Fiel a la cultura visual de los “nuevos” tiempos, la autora vasca Ainize Txopitea nos ofrece una serie de imágenes-póster y, en cierto grado, poemas visuales, que comparten una temática de actualidad: la violencia. Signo y sino de los últimos tiempos, la violencia social, política, sexual, informativa, callejera, cultural y contracultural se ha convertido en nuestra sombra acompañándonos a todas horas y a todos los lugares.

La autora receptiva a nuestros gritos cotidianos y anónimos, desenmascarando en un abrir y cerrar de ojos, desastres históricos provocados, crea un lenguaje o “Langu(im)age” que es una crónica de mundos desolados y agredidos. Se trata de una crónica visual crítica y de denuncia; una escritura visual de protesta contra la violencia de todo tipo y contra la muerte del espíritu y del arte encasillado en una única disciplina.

La “Cartelería Poética” de Ainize Txopitea consta de 24 carteles y se abre con un epígrafe de Joan Brossa que apunta al eterno “dilema” de la brevedad de la vida y la importancia de captar lo “esencial” en una sola mirada. Ubicando a sus espectadores en esta premisa que tanto han tenido en cuenta los vanguardistas de todos los tiempos, la autora se sirve de un lenguaje fundamentalmente visual.

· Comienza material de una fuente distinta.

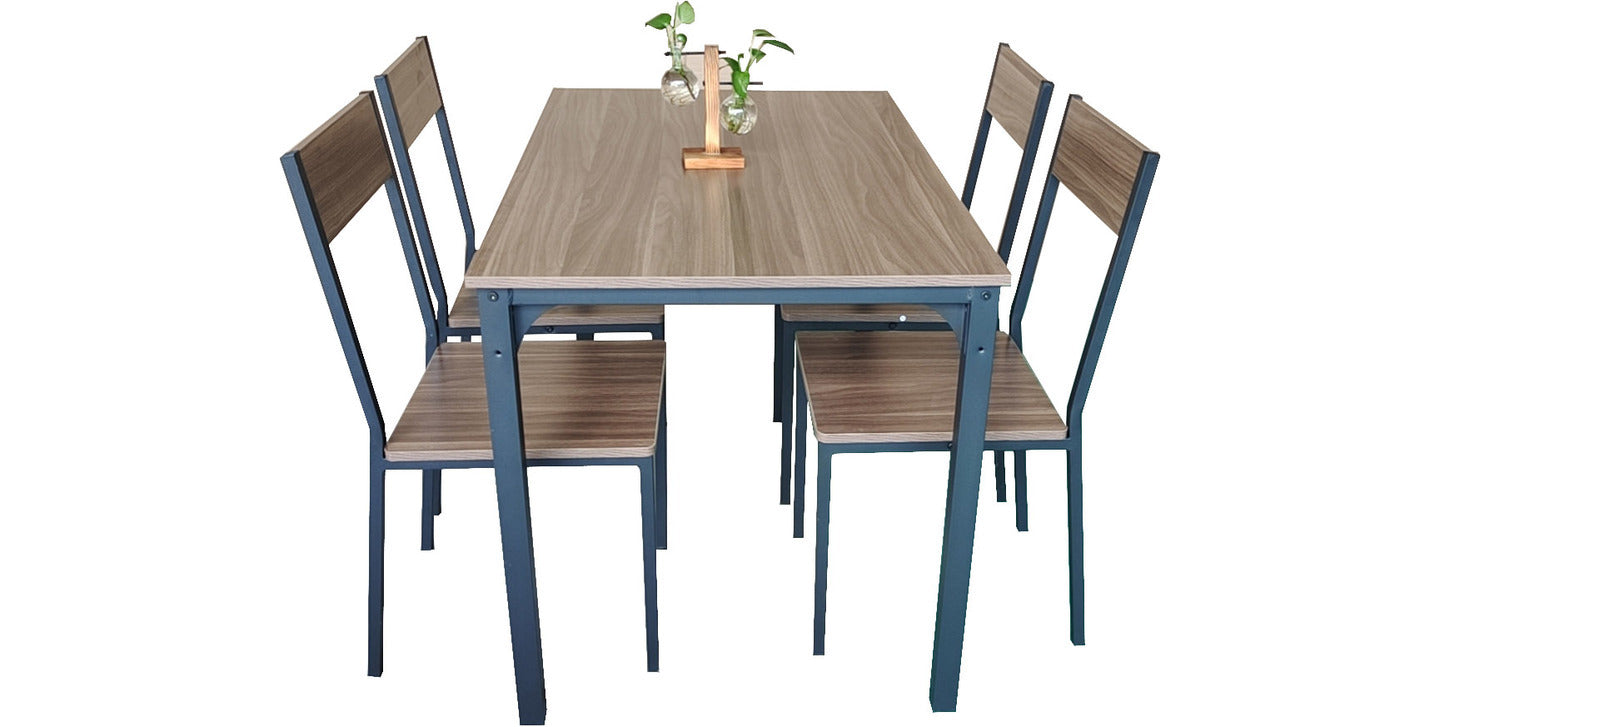 5 Piece Kitchen Dining Room Table and Chairs Set Furniture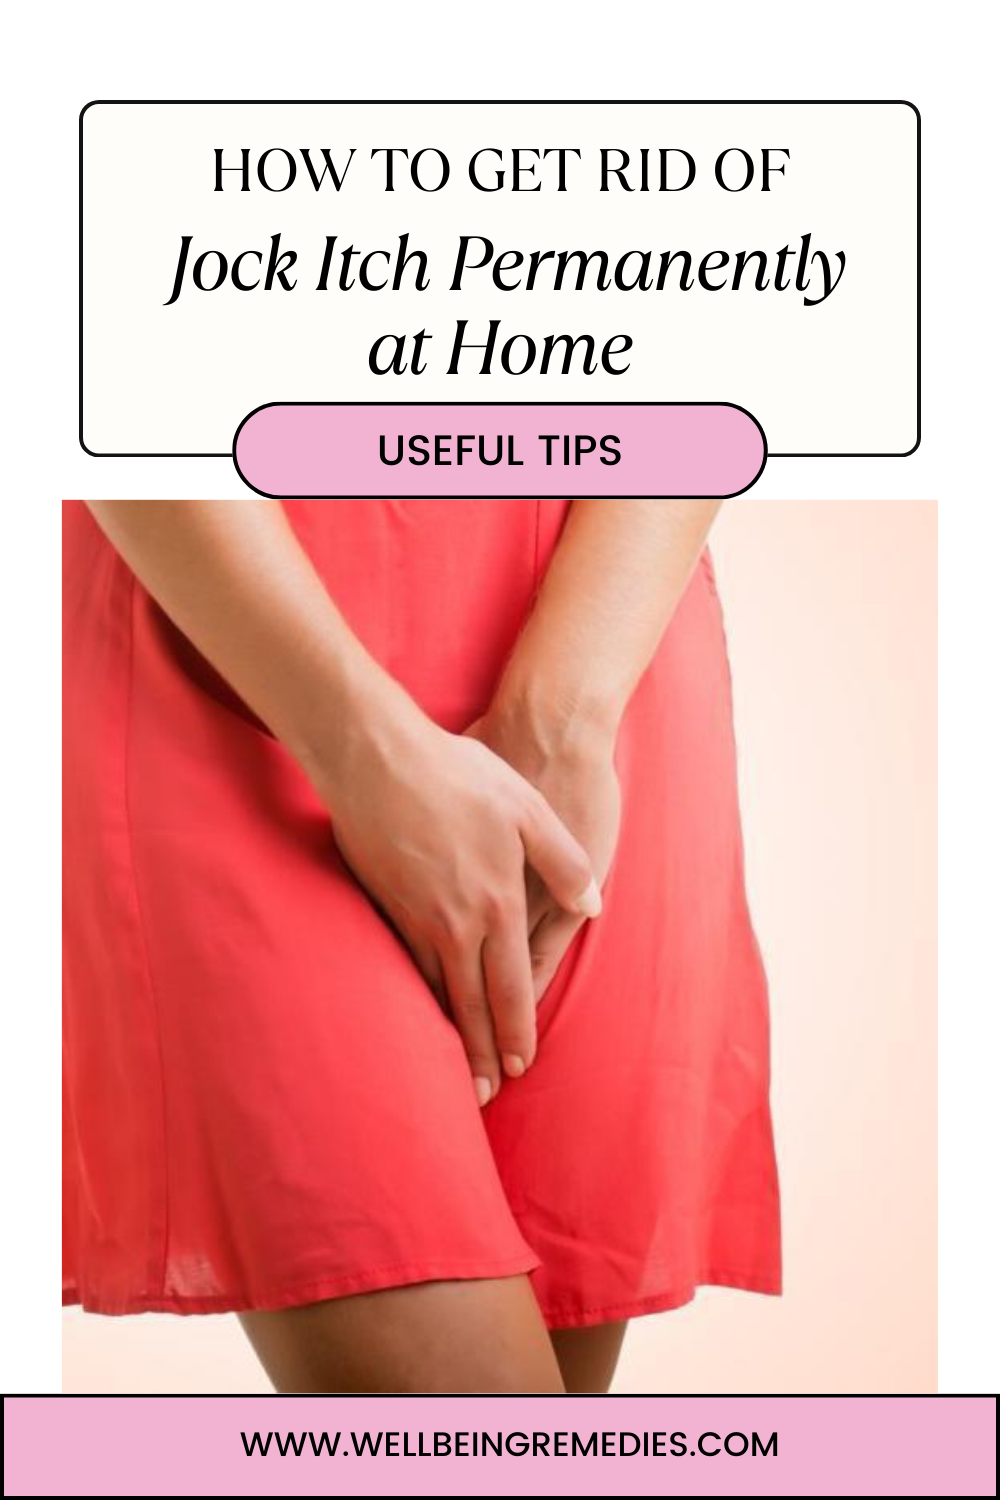 How to Get Rid of Jock Itch Permanently at Home

En una sola mirada a estos carteles podemos percatarnos de la rapidez con la que se emiten y perciben ciertos contenidos anímicos logrando transmitir en una brevedad esencial una serie de sensaciones y emociones vinculadas a la temática de la violencia con una sintaxis verbal mínima centrada en variantes léxicas pero dedicando una gran atención al color y selección de íconos de la cultura popular.

La sintaxis verbal mínima si bien estática adquiere un grado de dinamismo consecuente semánticamente con las imágenes empleadas. Destaca por ejemplo en este aspecto la combinación de sencillos juegos verbales de carácter asociativo y disociativo los cuales a su vez dan cuerpo al contenido visual en el que se insertan. Leamos dos ejemplos en dos carteles diferentes: –M ATAME- y -MATAMATA-.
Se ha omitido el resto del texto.